▶ **TASK GOAL**
Retype the data below exactly; skip every image.

▶ **SOURCE DATA**
════
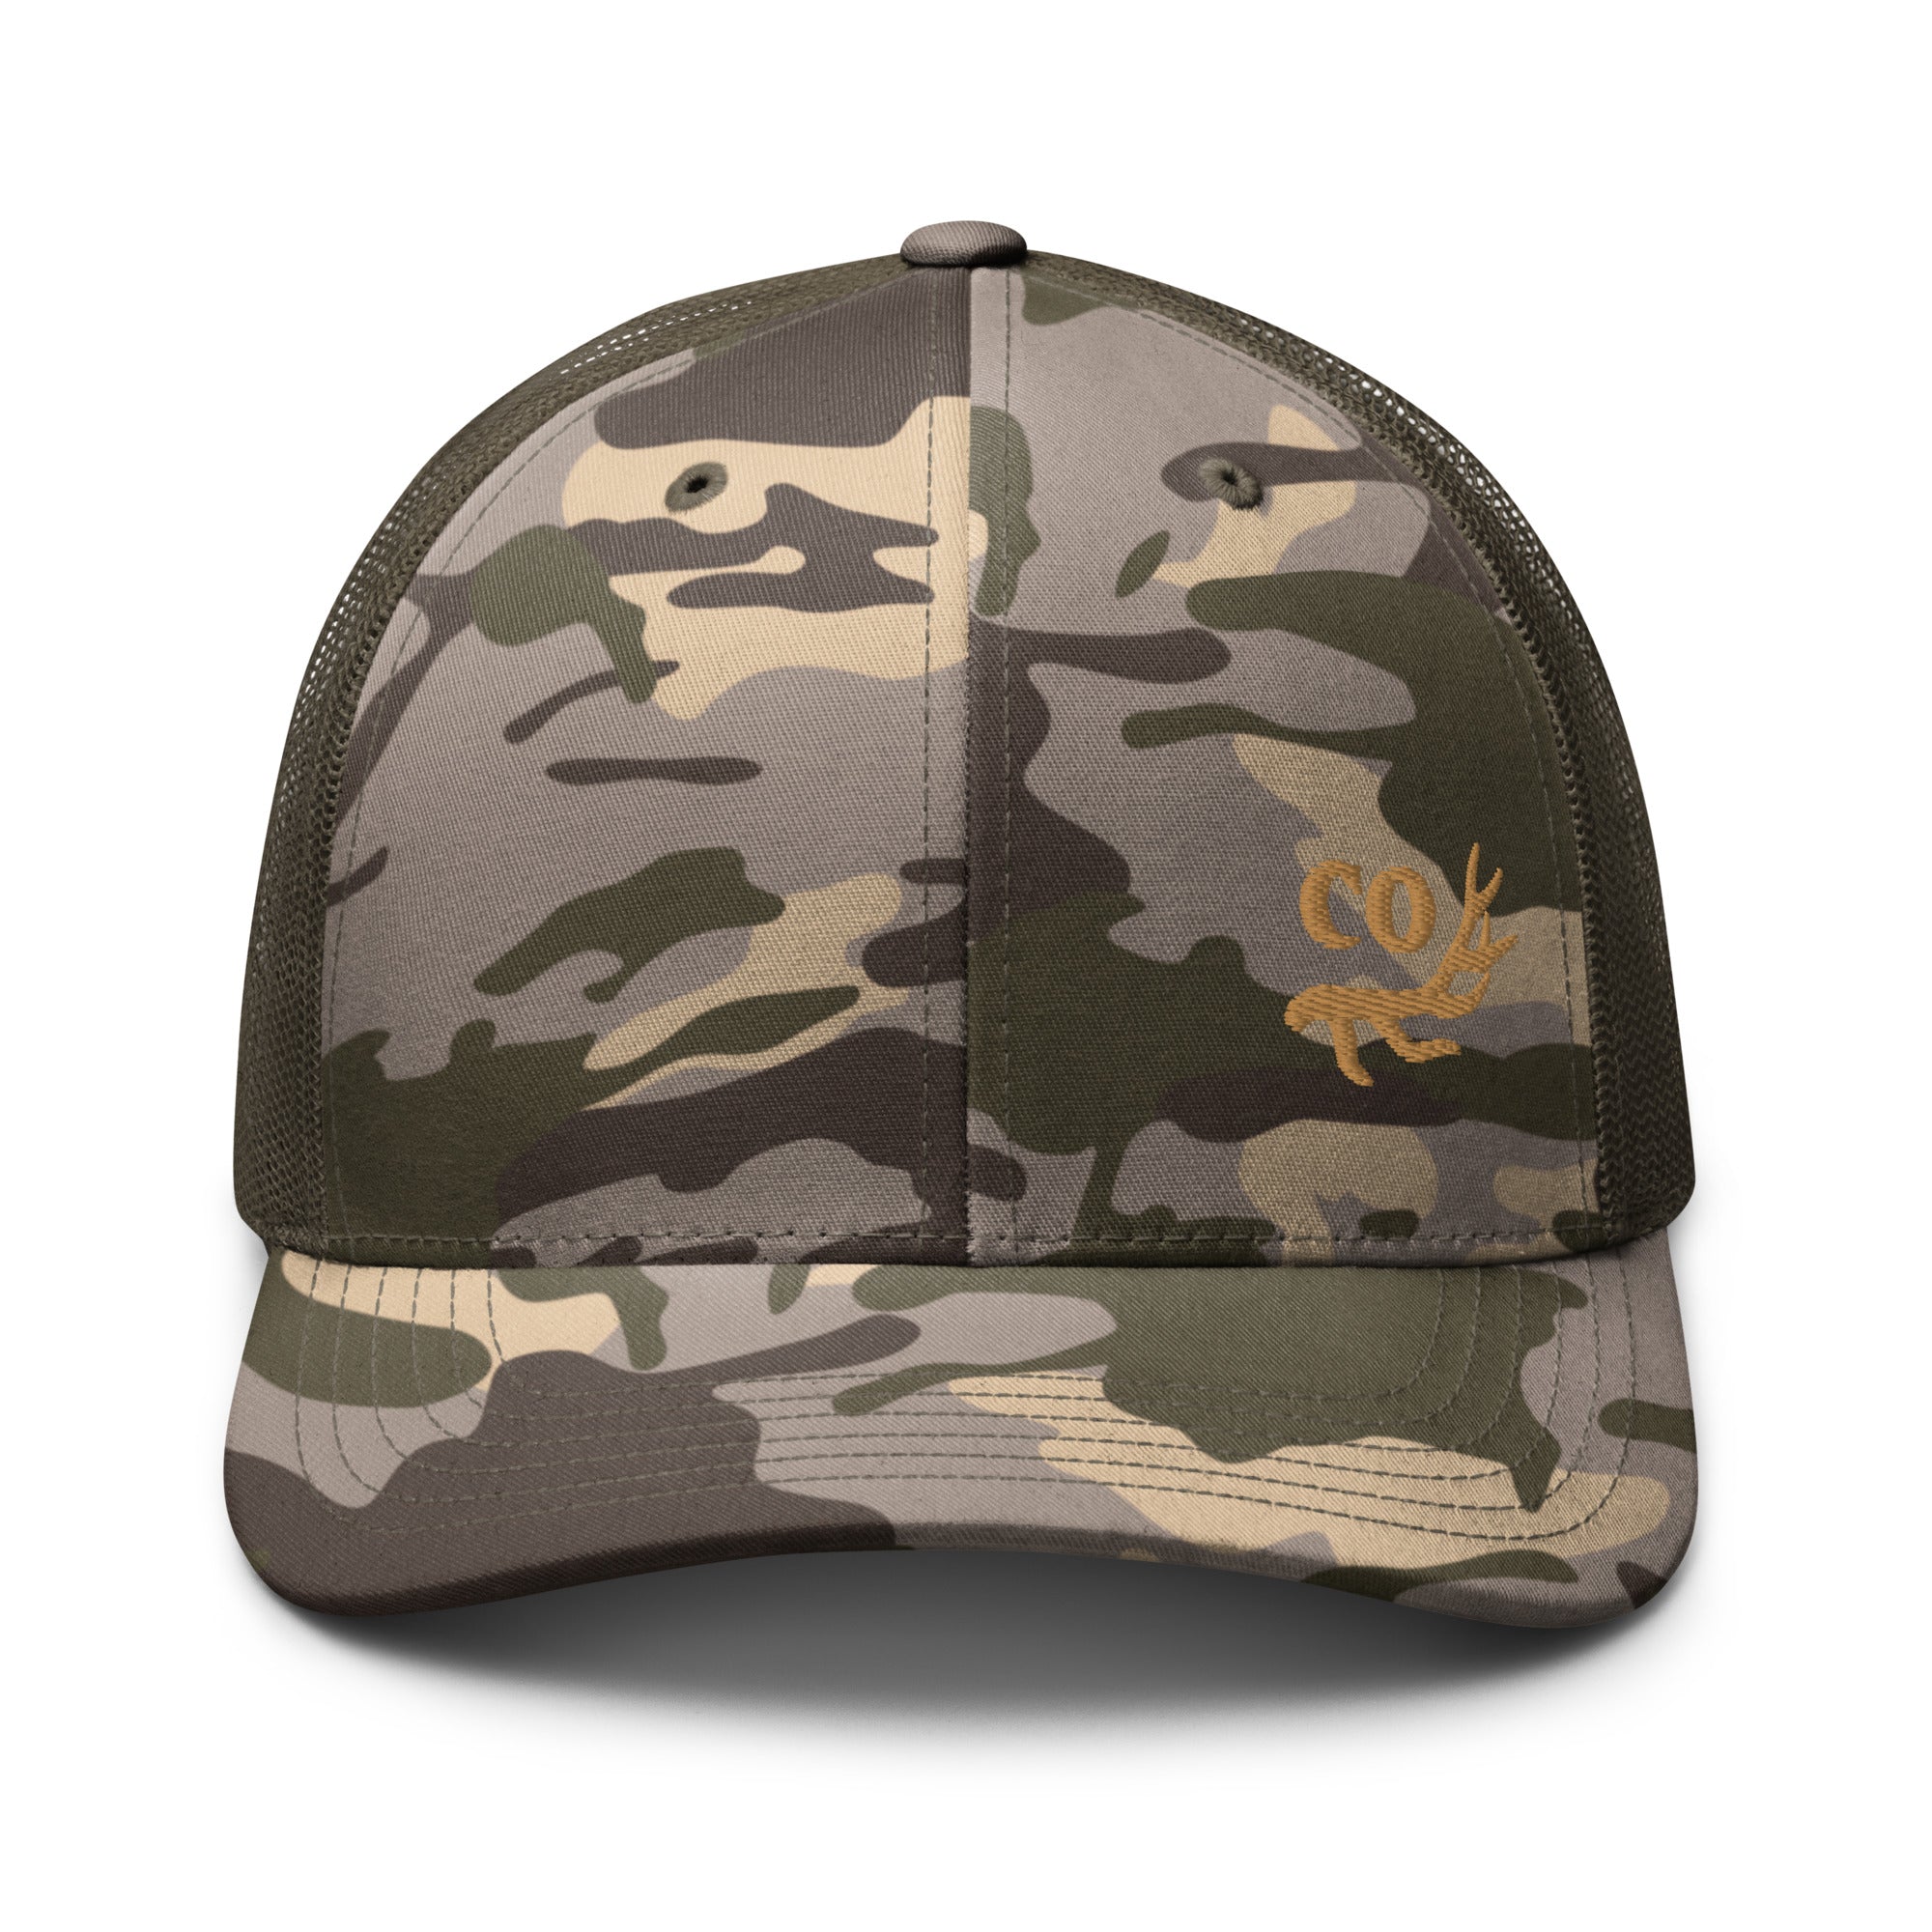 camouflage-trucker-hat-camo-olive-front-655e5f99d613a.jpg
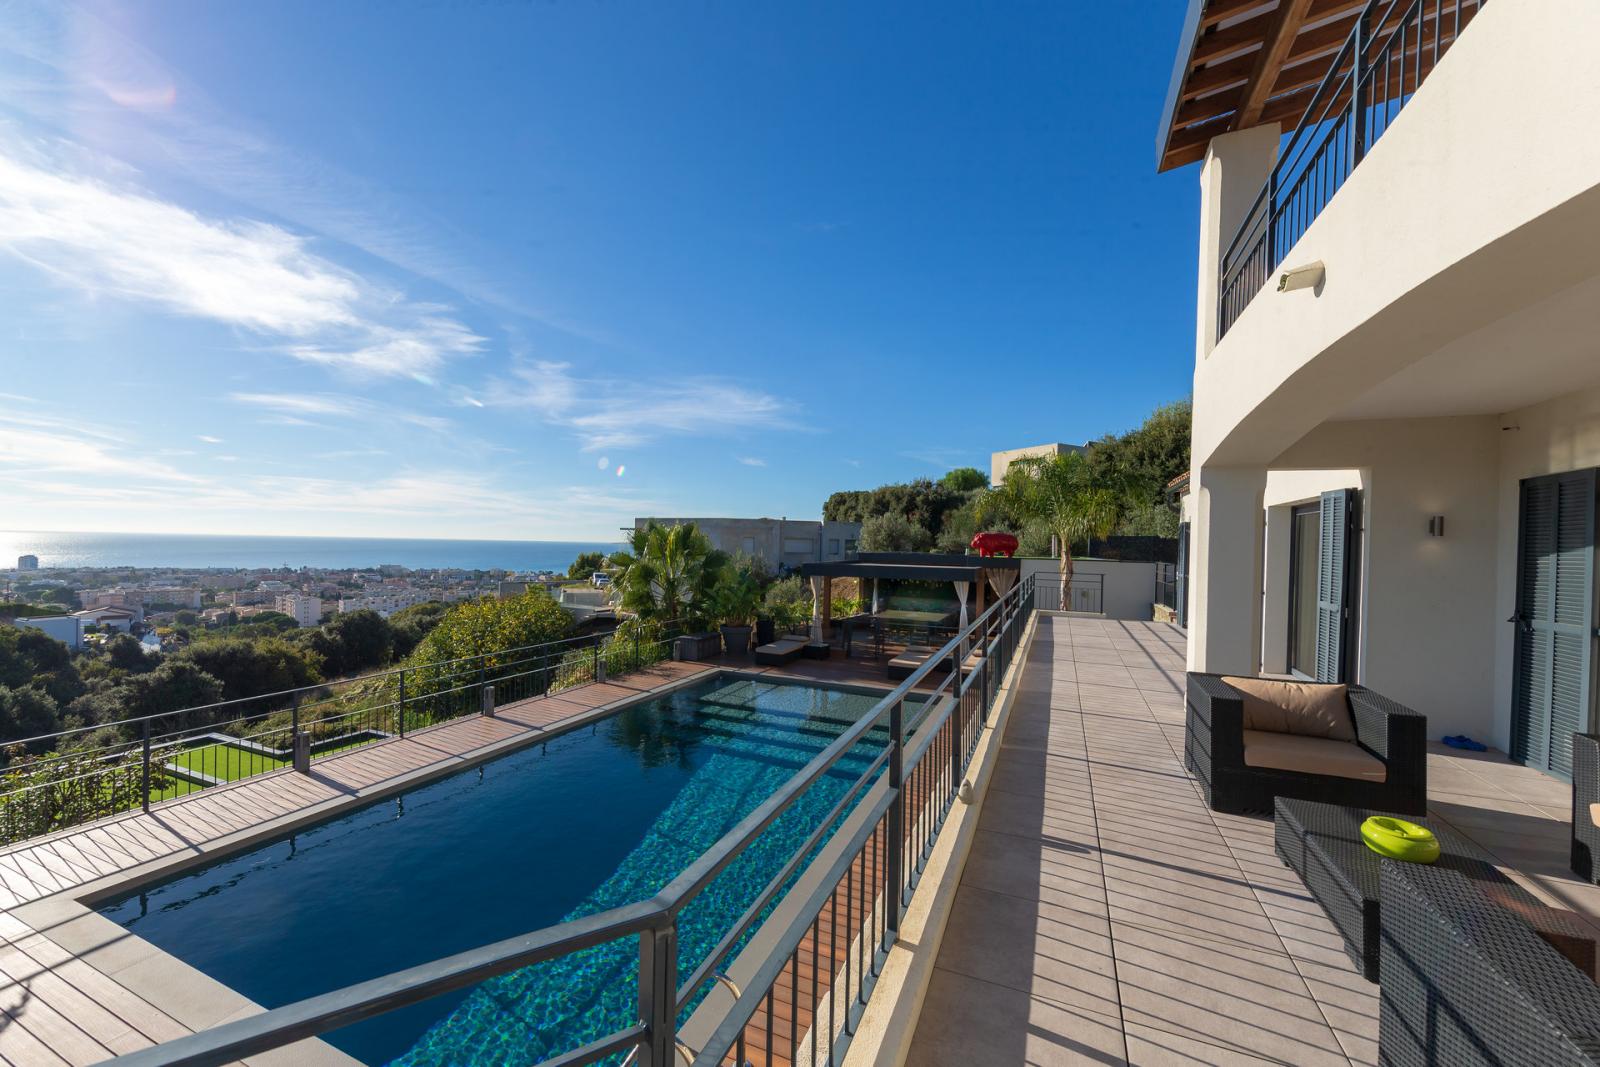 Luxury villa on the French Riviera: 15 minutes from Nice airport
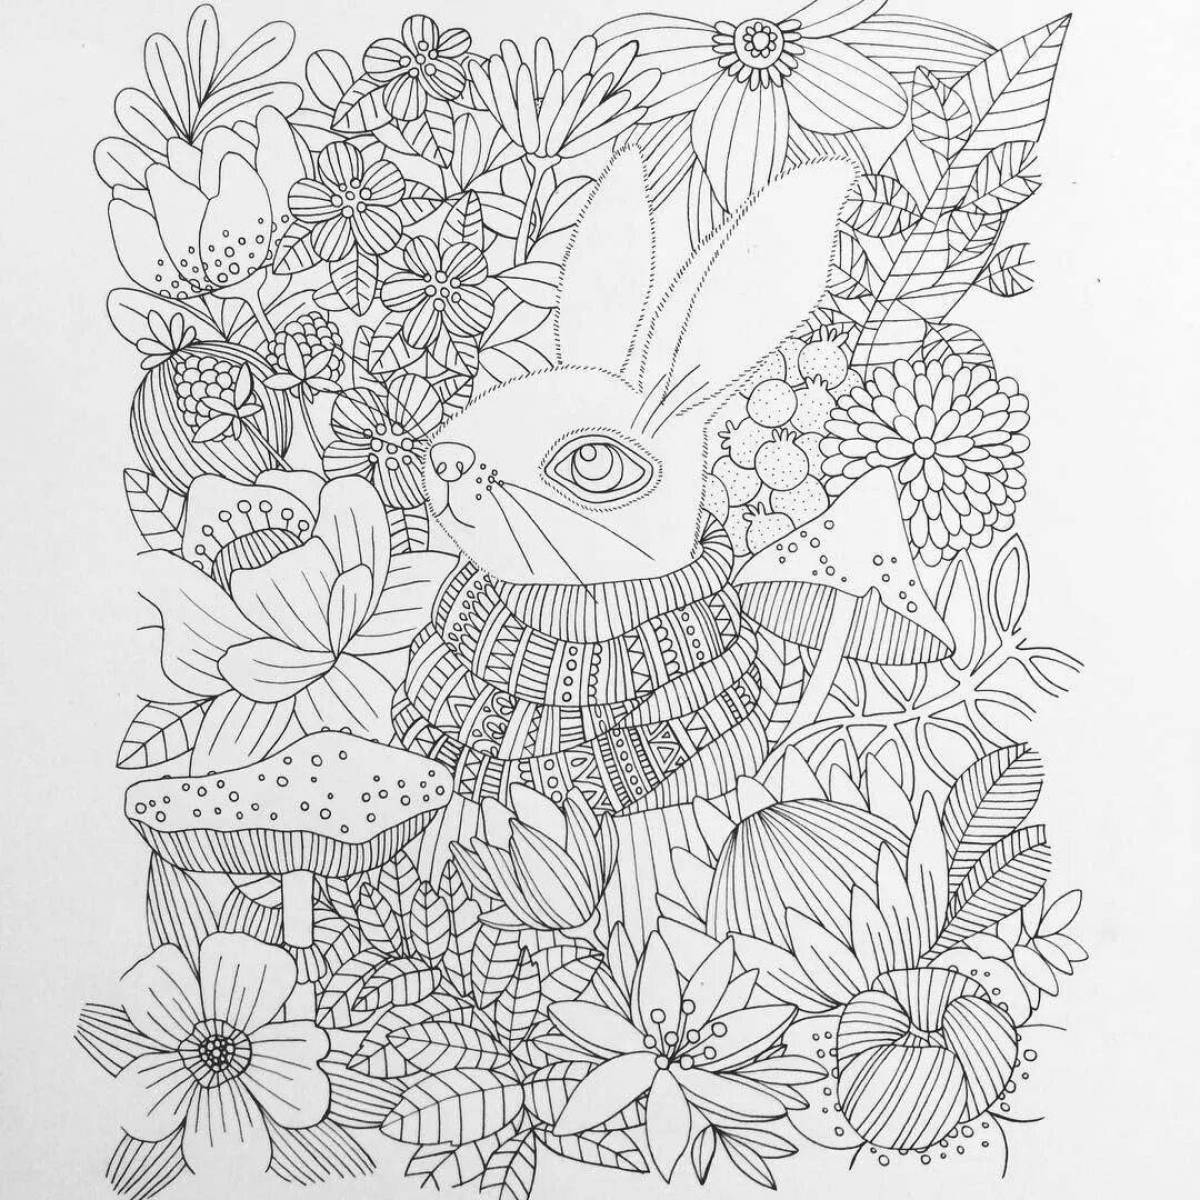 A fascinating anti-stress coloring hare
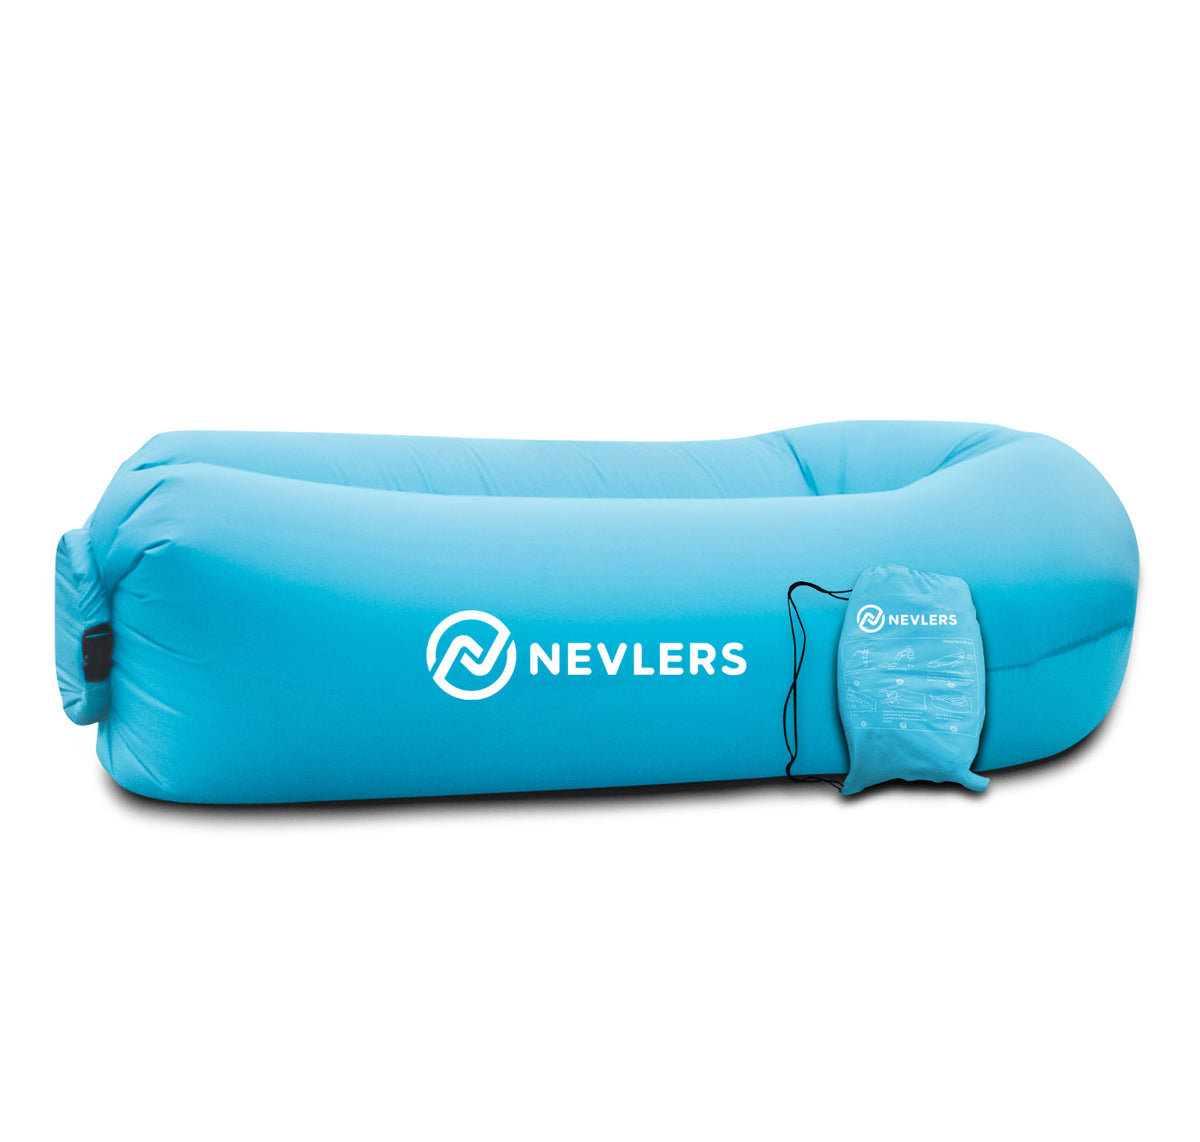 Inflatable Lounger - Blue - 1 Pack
════
▶ **ANSWER TO THE PROBLEM**
 camouflage-trucker-hat-camo-olive-front-655e5f99d613a.jpg
 Luxury villa on the French Riviera: 15 minutes from Nice airport
 A fascinating anti-stress coloring hare
 Inflatable Lounger - Blue - 1 Pack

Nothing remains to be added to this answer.